Thanks, chuckles. I thought he might be feeling abandoned.
I guess a five hour drive isn't so bad.


----------



## Mandia99508 (Jul 15, 2010)

Zora said:


> We have been married over 30 yrs and he has suffered from depression several times.
> He retired just over 2 yrs ago. We started fighting right away. He was on Lexapro and drinking every night. We went to a counselor for several months. I thought it helped. He quit drinking but also quit the meds.
> Our daughter got sick about four months ago and I sort of moved in with her to help her out so she wouldn't lose her job. She needs surgery but is taking supplements to get her blood K level up.
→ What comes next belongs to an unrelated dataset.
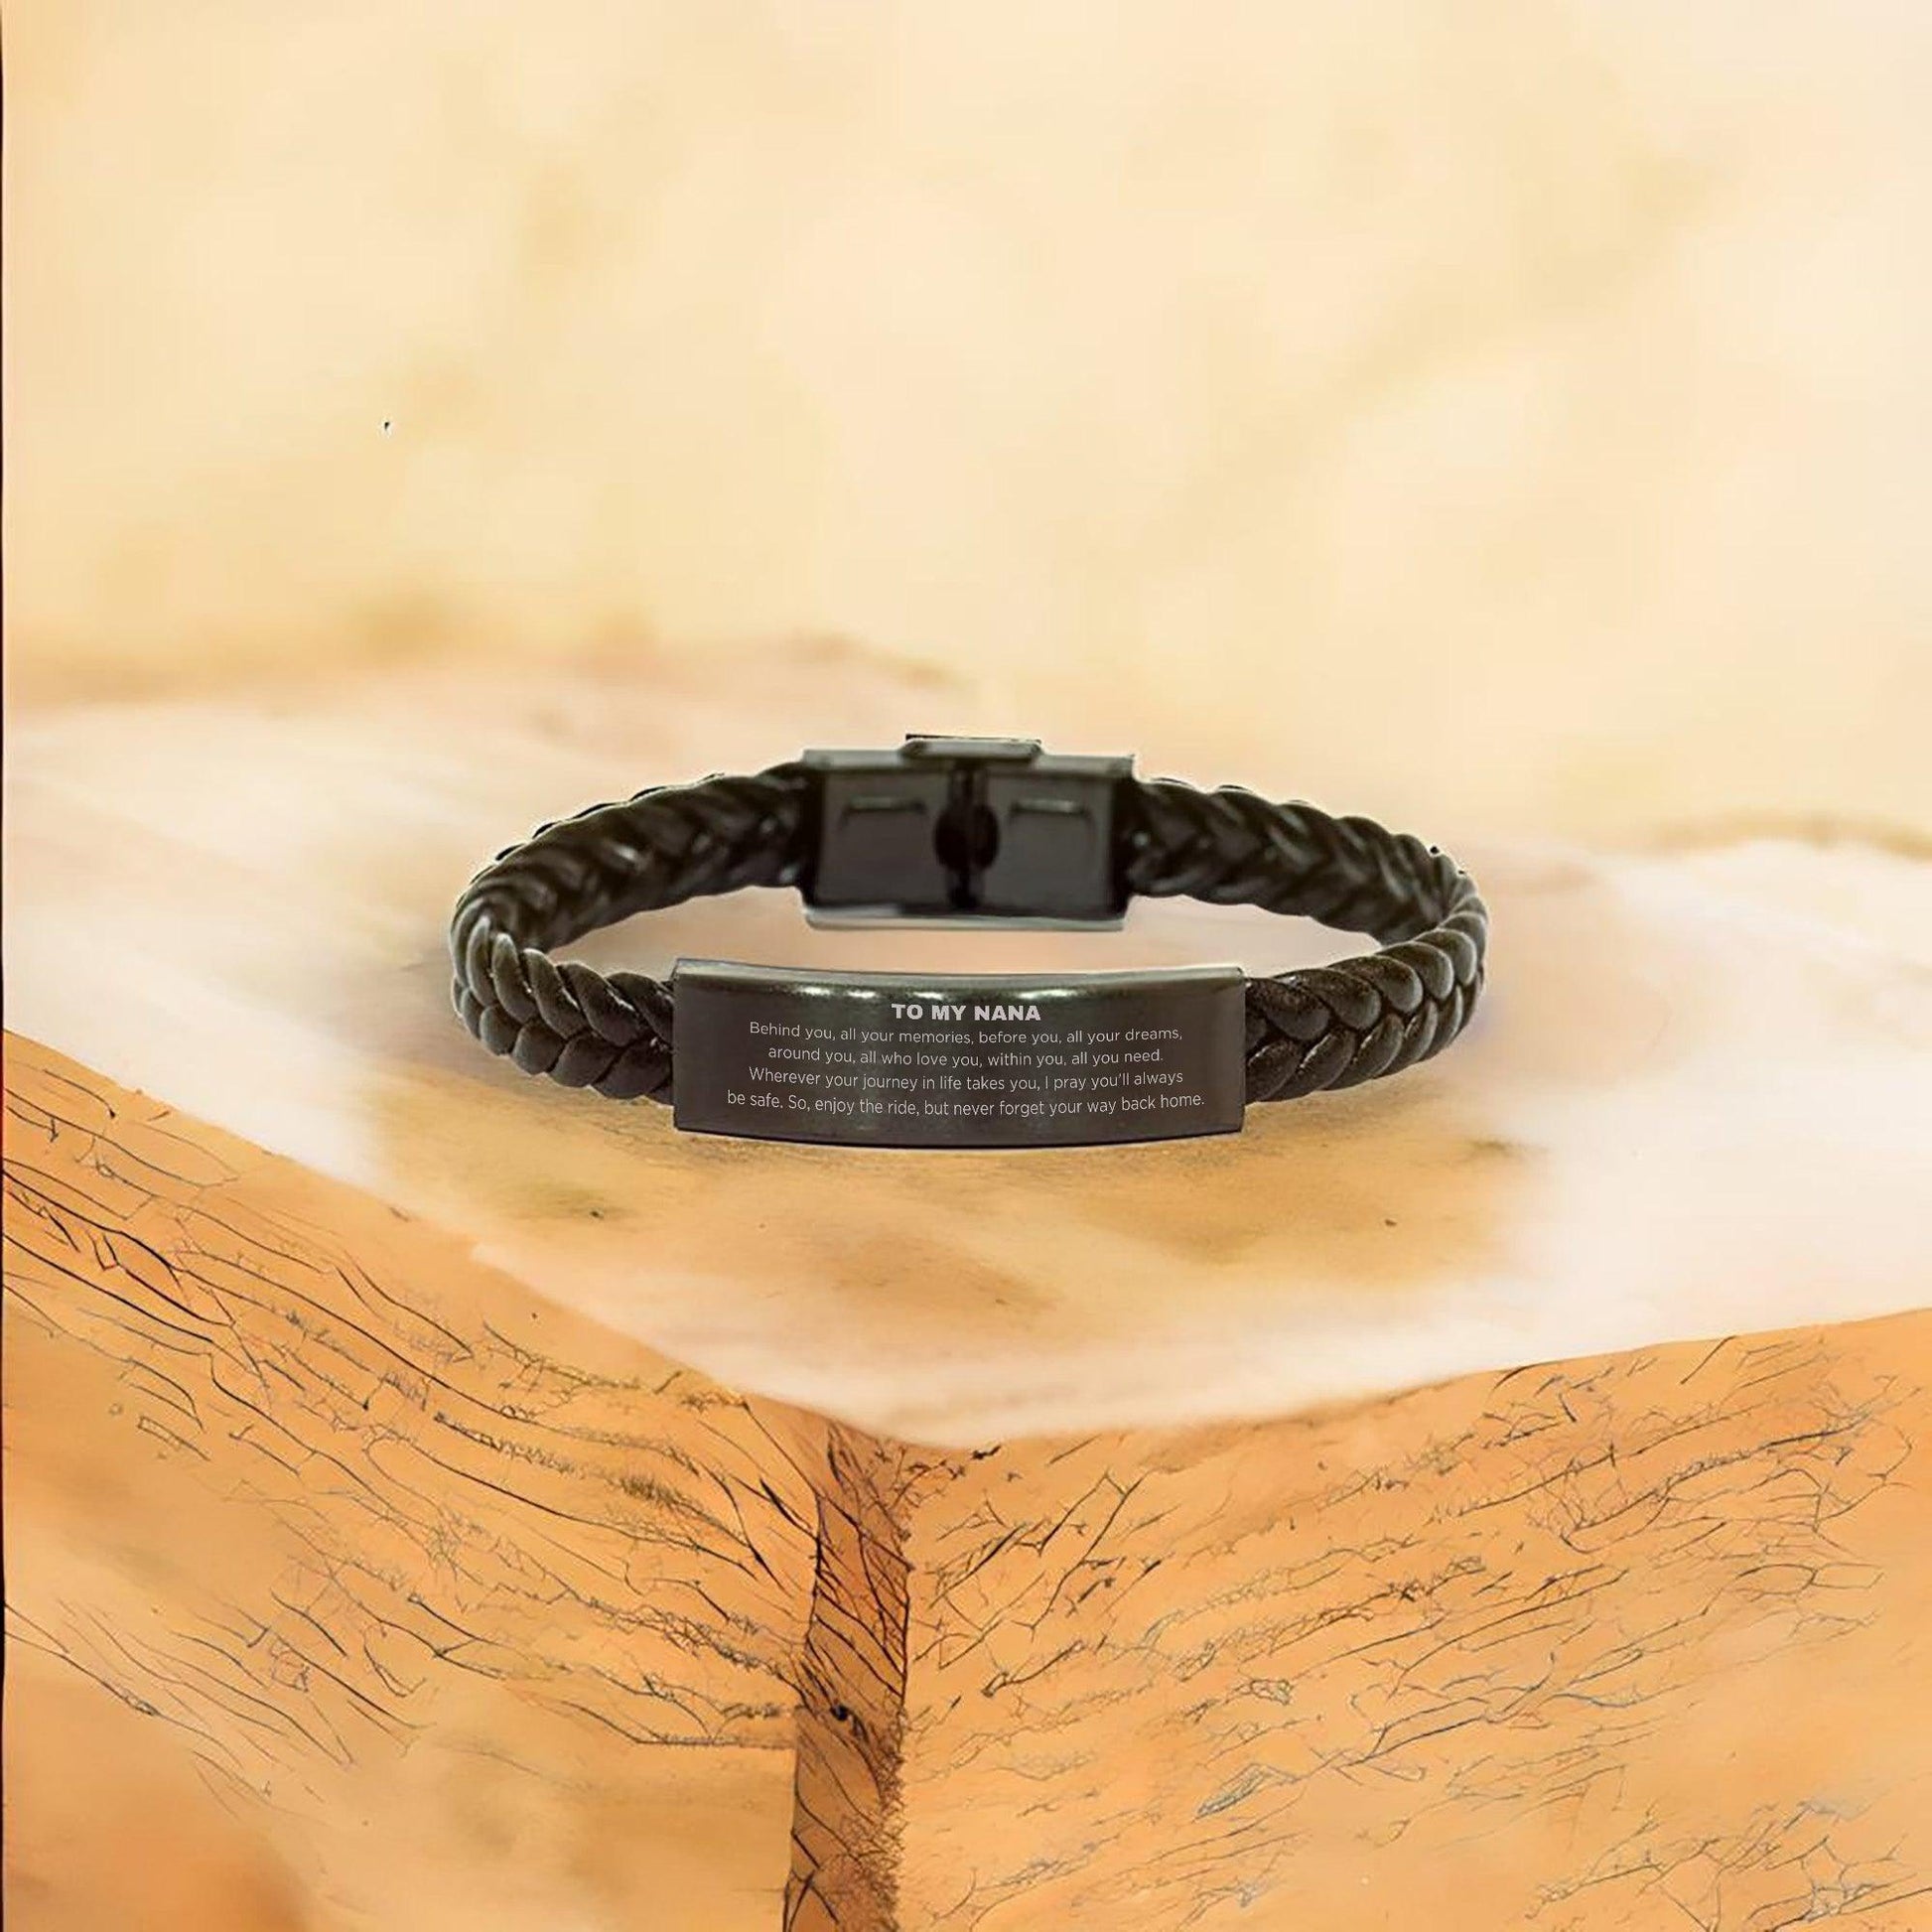 Nana Braided Leather Bracelet,Birthday Christmas Unique Gifts Behind you, all your memories, before you, all your dreams - Mallard Moon Gift Shop

The surgeon won't operate until then.
> I know he misses me and I haven't been going home much because it's a 5 hour trip.
> ...


Sounds like a self loather to me. That's a difficult one. I'm not sure if there is an easy solution to this one. Frankly saying... just leave him doesn't cut it when you all have 30+years behind you and grown children. The problem he's experiencing now seems to me like he has gotten used to being alone, and it's difficult for him to readjust to you being there. I know it's hard to allow a relationship to sink in one direction while trying to uphold another. Does your daughter have anyone else to help her?


----------



## Zora (Aug 2, 2010)

After all these years, I know there is no easy solution.
I am committed to this relationship.
Two years ago I was leaving because he was so mad at me. It was me he loathed. After couples therapy I decided to do everything I could to make things work before giving up the ship.
He gave up drinking because he said he thought it would help our relationship. It has. He's trying, too.


----------



## Zora (Aug 2, 2010)

Has anyone here had any experience with Recovery International?
My husband is checking into it. He says he isn't ready to tell me about it yet.
I'm feeling hopeful. I hope it isn't premature.
Thanks for your help.
-Zora


----------



## Mandia99508 (Jul 15, 2010)

Zora said:


> Has anyone here had any experience with Recovery International?
> My husband is checking into it.


Zora-
I have not heard of this. What kind of institution is it? If he's checked himself in, then this is a progressive move. Give him time, he's obviously been going through something that you have yet to understand. So be patient, and loving and most of all supportive. Avoid suffocating him just for your own benefit and understanding. Take care of you, and yours.

-Mandia


----------



## Zora (Aug 2, 2010)

Mandia,
Sorry about that, I meant to say he is gathering information about Recovery International. He's making phone calls and sending email.
That is probably good advice you gave regarding suffocating him. He hates it when I quiz him about things. 
According to Wikipedia, Recovery International is a self-help organization for people struggling with mental illness.
I am hoping to hear about any experiences people on this forum have had with this type of therapy.
Thanks
-Zora


----------



## ThinkTooMuch (Aug 6, 2010)

(way long, sorry, and probably stuff you know)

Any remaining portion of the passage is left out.